Михаил Загоскин - Москва и москвичи
— В том-то и дело, — прервал мой приятель, — ведь просвещение-то и делает человека счастливым.
— Да, то, о котором я говорил тебе прежде, а то, о котором ты говоришь теперь, тогда только для нас полезно, когда придет нам по плечу. Хорошо идти за веком тому, кому нет надобности ходить за сохой. Да и с чего ты взял, что ты счастливее безграмотного человека? Потому что знаешь больше его? Нет, мой друг, исправный, то есть зажиточный, крестьянин несравненно благополучнее нас с тобою: его не беспокоит наша житейская суета, не тревожит честолюбие. Он, человек безграмотный, знает, что век останется крестьянином, и спит себе преспокойно; а посмотри, как иногда какой-нибудь коллежский секретарь, который занесся в чины, сохнет оттого, что его долго не производят в титулярные советники!
— Толкуй себе, как хочешь, а я все-таки желаю, чтоб наш простой народ…
— Эх, мой друг, оставь его в покое! А если хочешь чего-нибудь желать, так пожелай лучше общего просвещения для тех людей, которые могут и должны быть просвещены. Безграмотный мужик не беда, а вот худо то, когда сам помещик читает по складам.
— Да этаких уж мало, мой друг.
— Несравненно меньше прежнего, кто и говорит, а не мешало бы, чтоб их и вовсе не было.
Наш разговор был прерван нечаянным появлением хозяина Нескучного.
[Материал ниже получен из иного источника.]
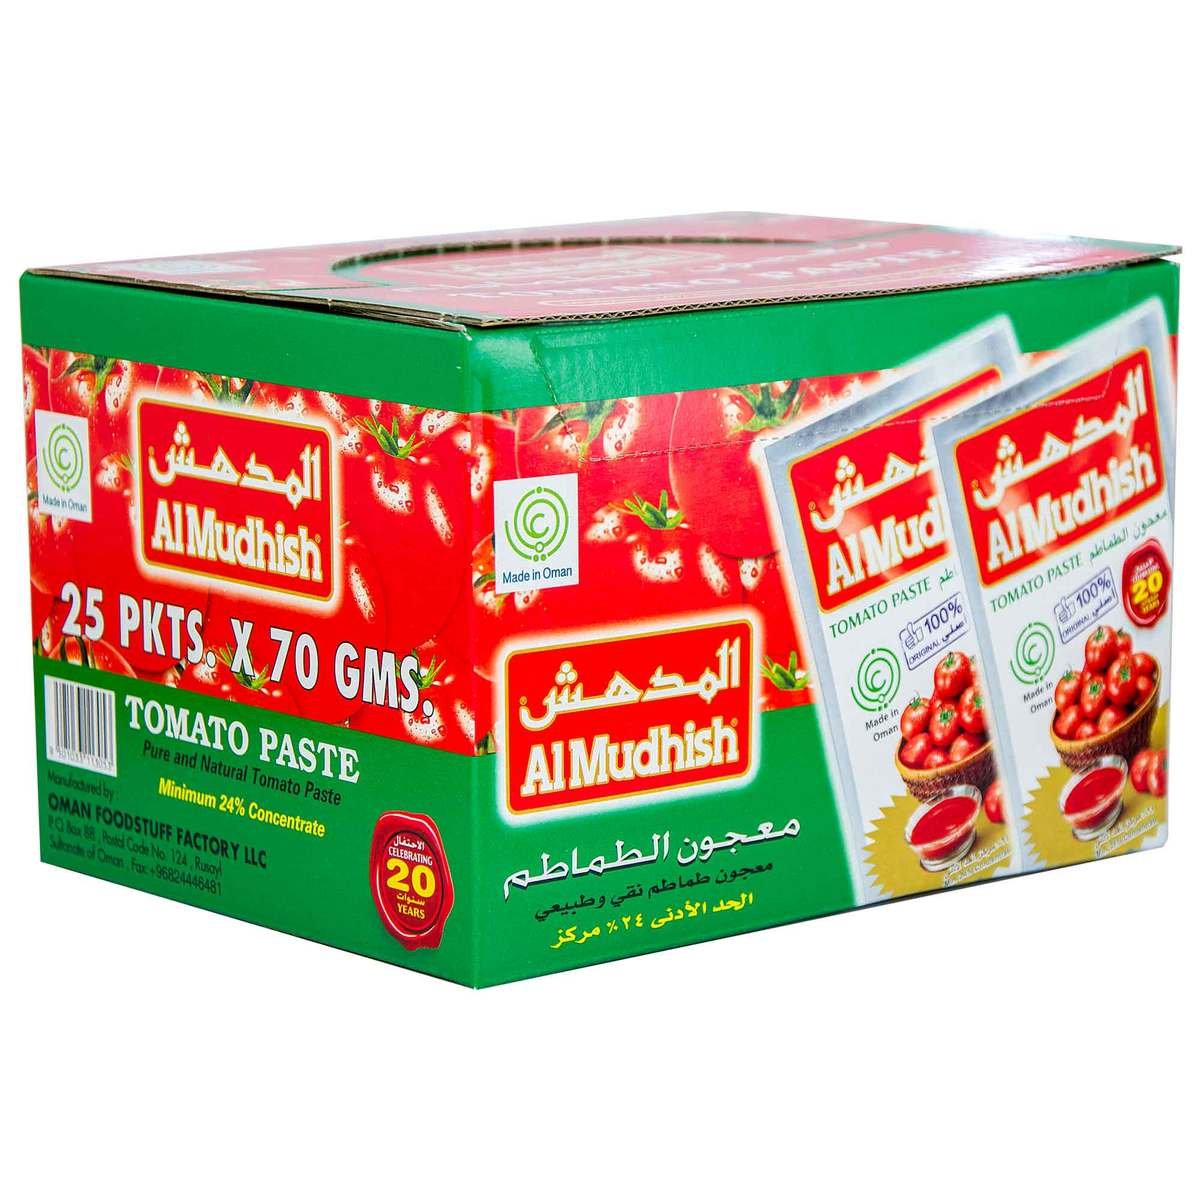 Al Mudhish Tomato Paste 70g

— Насилу-то я вас нашел, господа! — сказал он, идя к нам навстречу. — Уж я ходил, ходил по саду!.. Представьте, какая случилась со мной неприятность: я остался без вас на минеральных водах, чтоб осмотреть, в порядке ли ванны, — вот слышу, шумят подле целебного колодца. Что такое? Гляжу: какой-то барин, совсем раздетый, чуть не бьет моего смотрителя-немца. Я подбежал к ним. В чем же дело? Представьте себе, этот господин лезет купаться в колодец!.. «Помилуйте, батюшка, что вы?» — «Как что? Ведь эта вода целебная?» — «Ну да, целебная!.. Да ведь ее пьют, а не купаются в ней». — «Вот вздор какой! Я слыхал, что на Кавказе и пьют и купаются». — «То на Кавказе, а здесь совсем другое дело». — «Почему ж другое? Вода все вода!» Я чтоб урезонить — куда, так и рвется!.. А колодец глубокий, вода почти вровень с краями, — юркнет, проклятый, и поминай как звали!.. Я ухватился за него и кричу немцу: «Держи, держи!» Насилу-то вдвоем оттащили его прочь! Такой здоровый — и в голове-то порядком закачано. Что будешь делать — привязался ко мне, шумит, кричит!.. Я так, я этак, и лаской и всячески — не отстает! Уж я поил, поил его зельцерской водою; насилу, разбойник, провалился, — устал с ним до смерти. Теперь прошу ко мне, господа! — продолжал хозяин, вытирая платком свое лицо. — Милости просим позавтракать чем бог послал. Не взыщите, если мои пирог простыл; что делать: целый час провозился с этим пьяницей.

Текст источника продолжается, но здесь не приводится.